■ Instructions for the task:
Please output the listing that follows exactly, but keep all images out.

■ Information supplied:
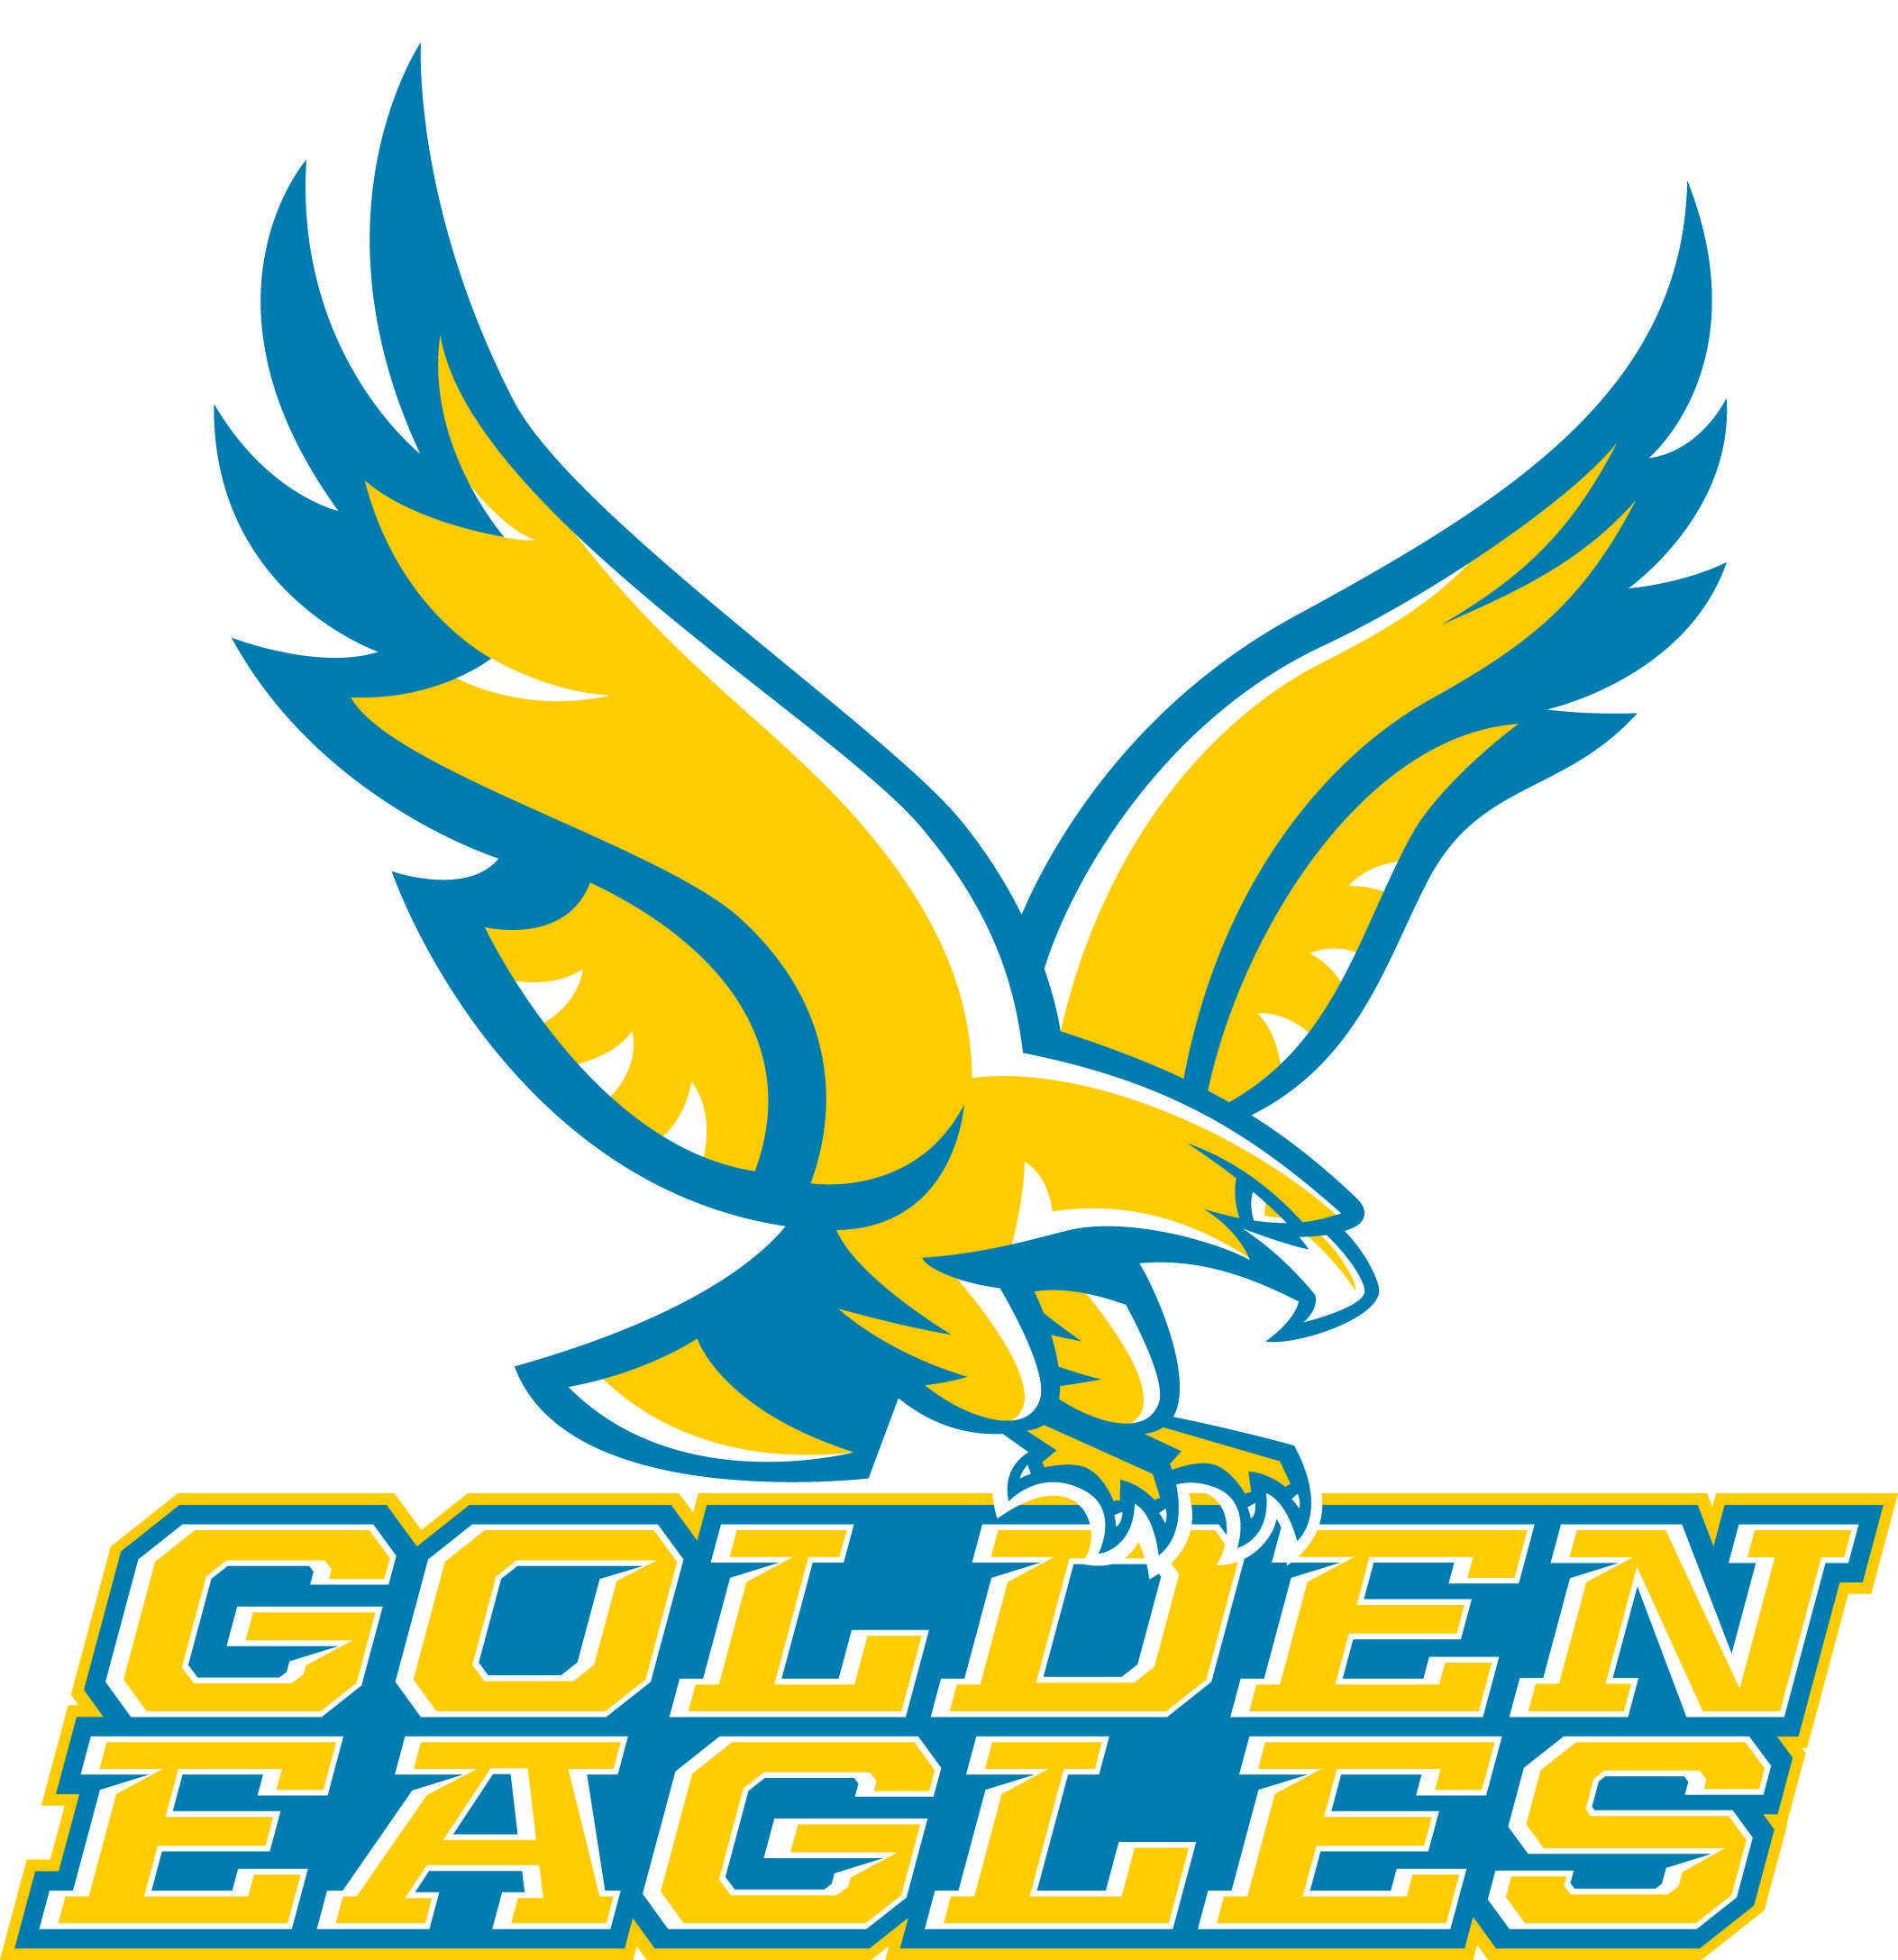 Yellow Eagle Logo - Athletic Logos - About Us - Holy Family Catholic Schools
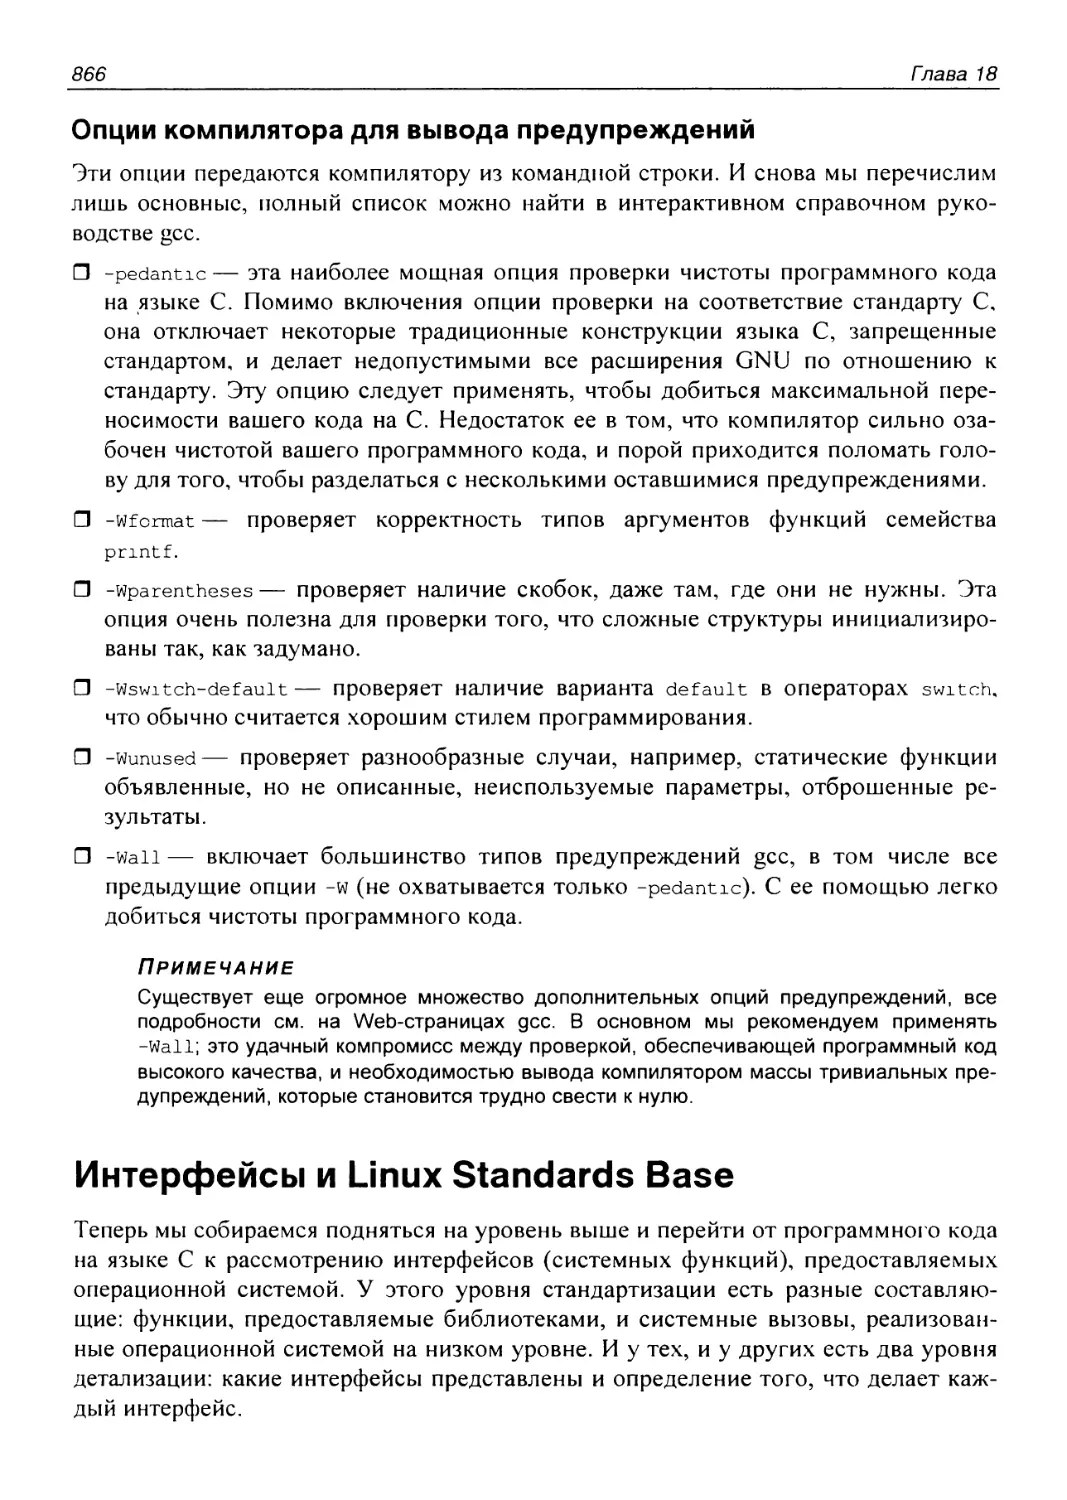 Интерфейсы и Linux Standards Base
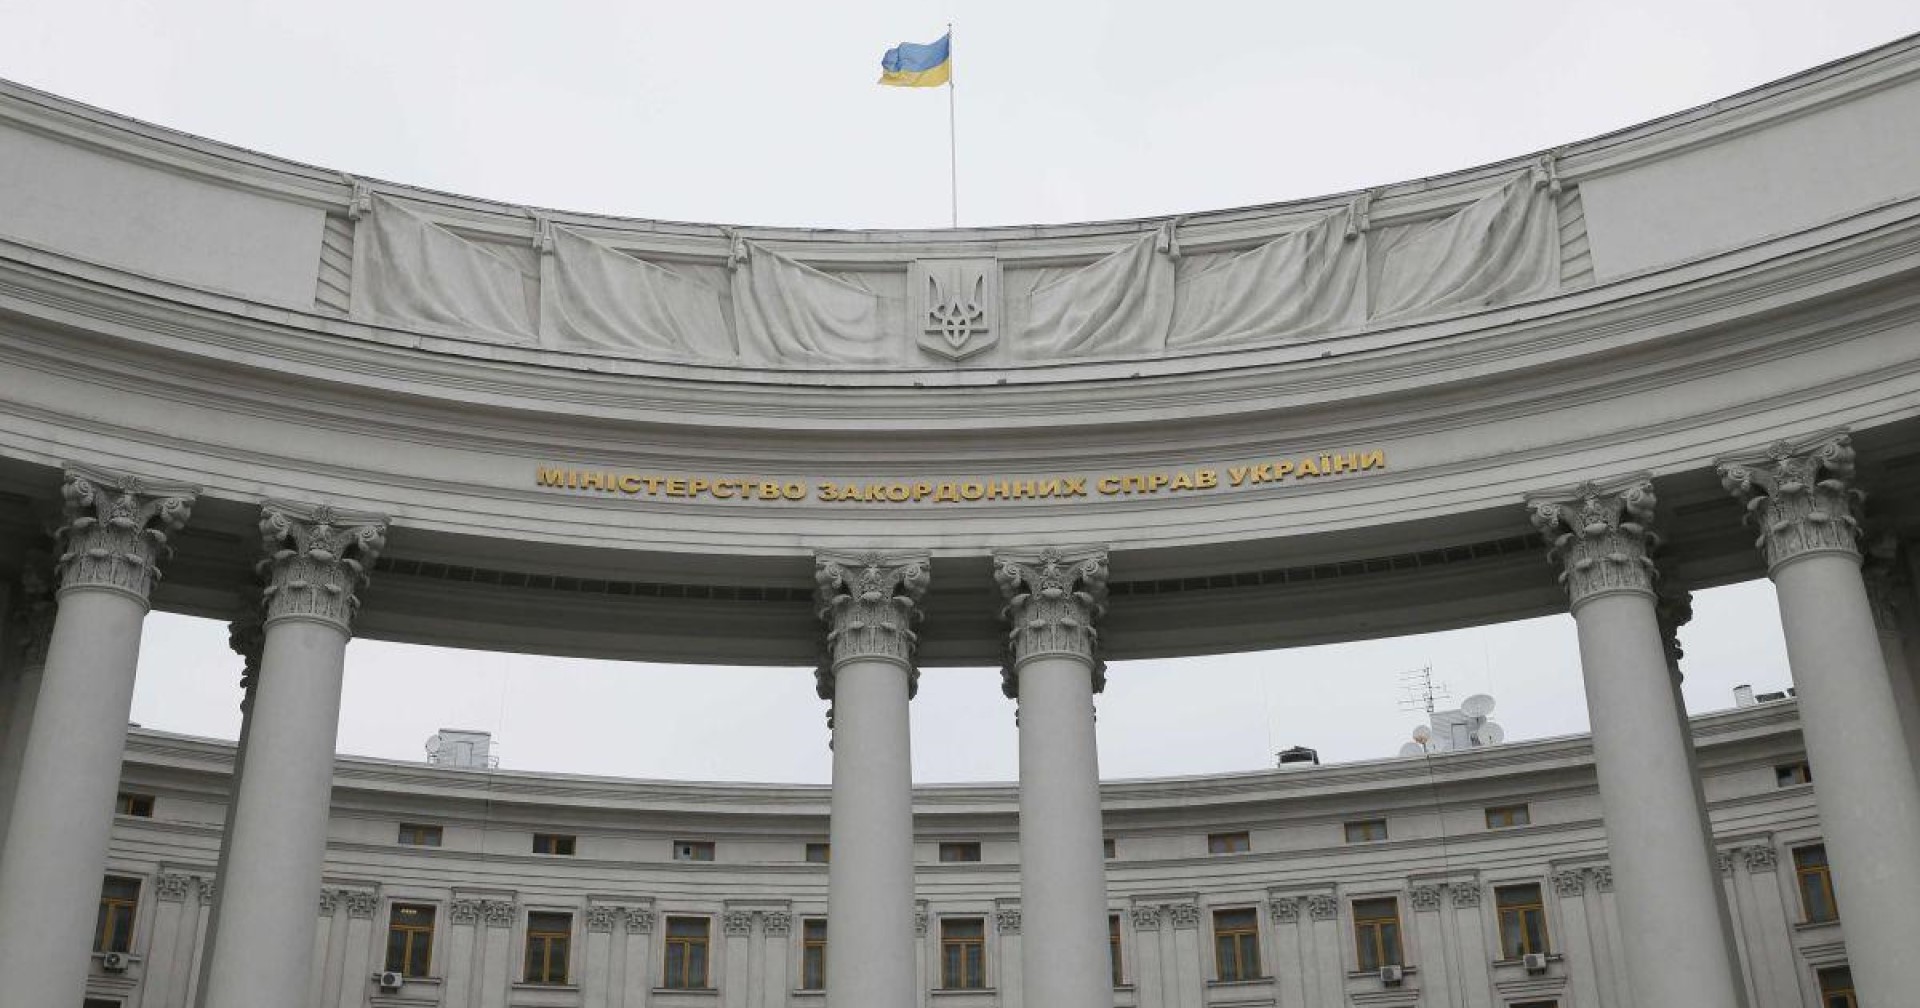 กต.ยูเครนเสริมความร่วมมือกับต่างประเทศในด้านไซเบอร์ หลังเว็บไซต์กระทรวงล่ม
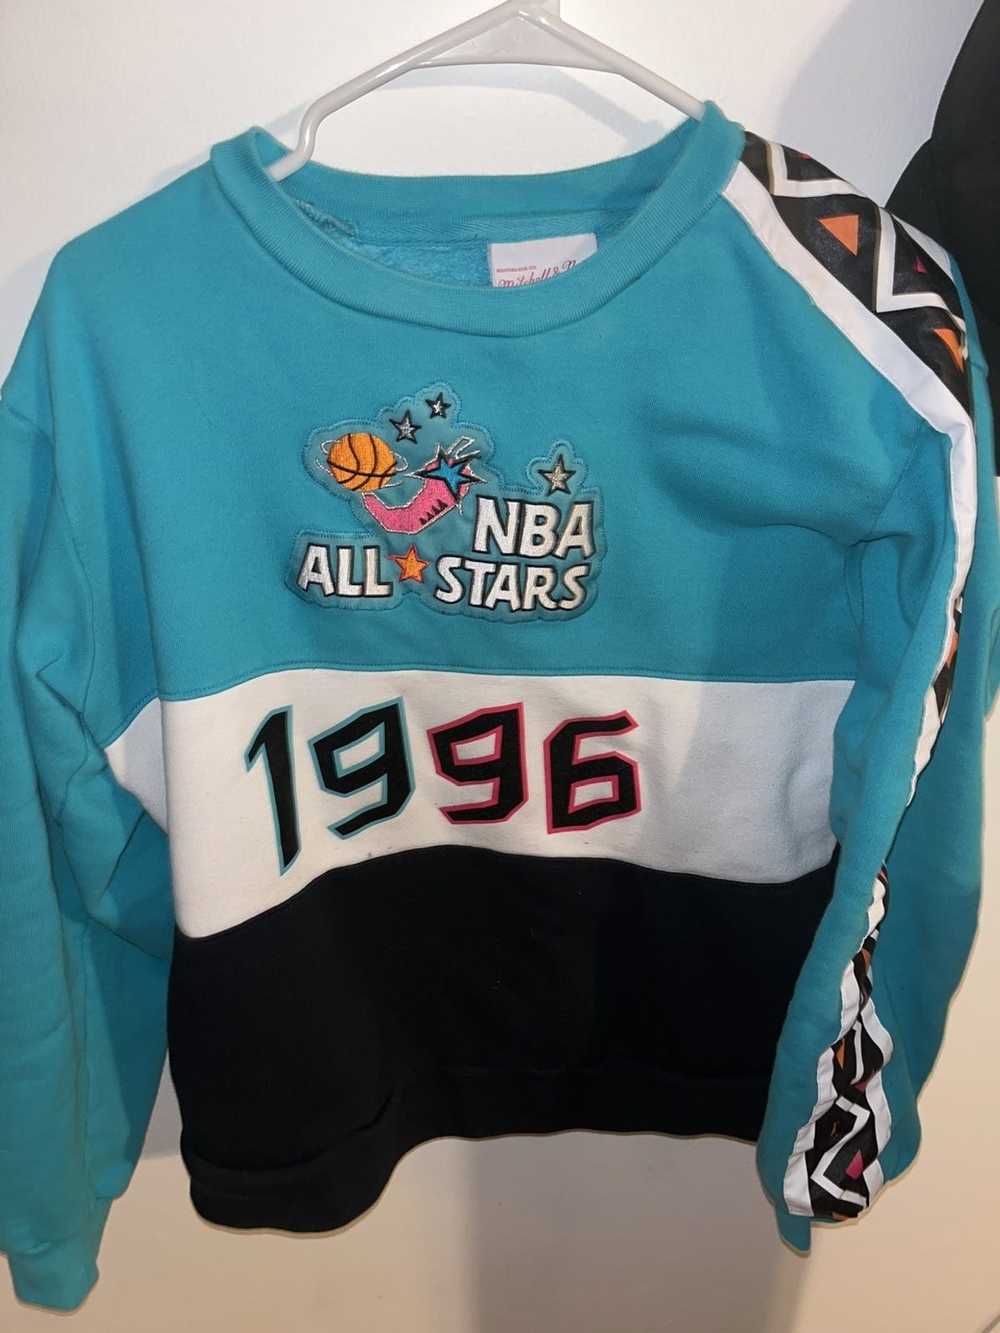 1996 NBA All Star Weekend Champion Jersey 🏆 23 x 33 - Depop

■ Result of the exercise:
 Yellow Eagle Logo - Athletic Logos - About Us - Holy Family Catholic Schools
 Интерфейсы и Linux Standards Base
 กต.ยูเครนเสริมความร่วมมือกับต่างประเทศในด้านไซเบอร์ หลังเว็บไซต์กระทรวงล่ม
 1996 NBA All Star Weekend Champion Jersey 🏆 23 x 33 - Depop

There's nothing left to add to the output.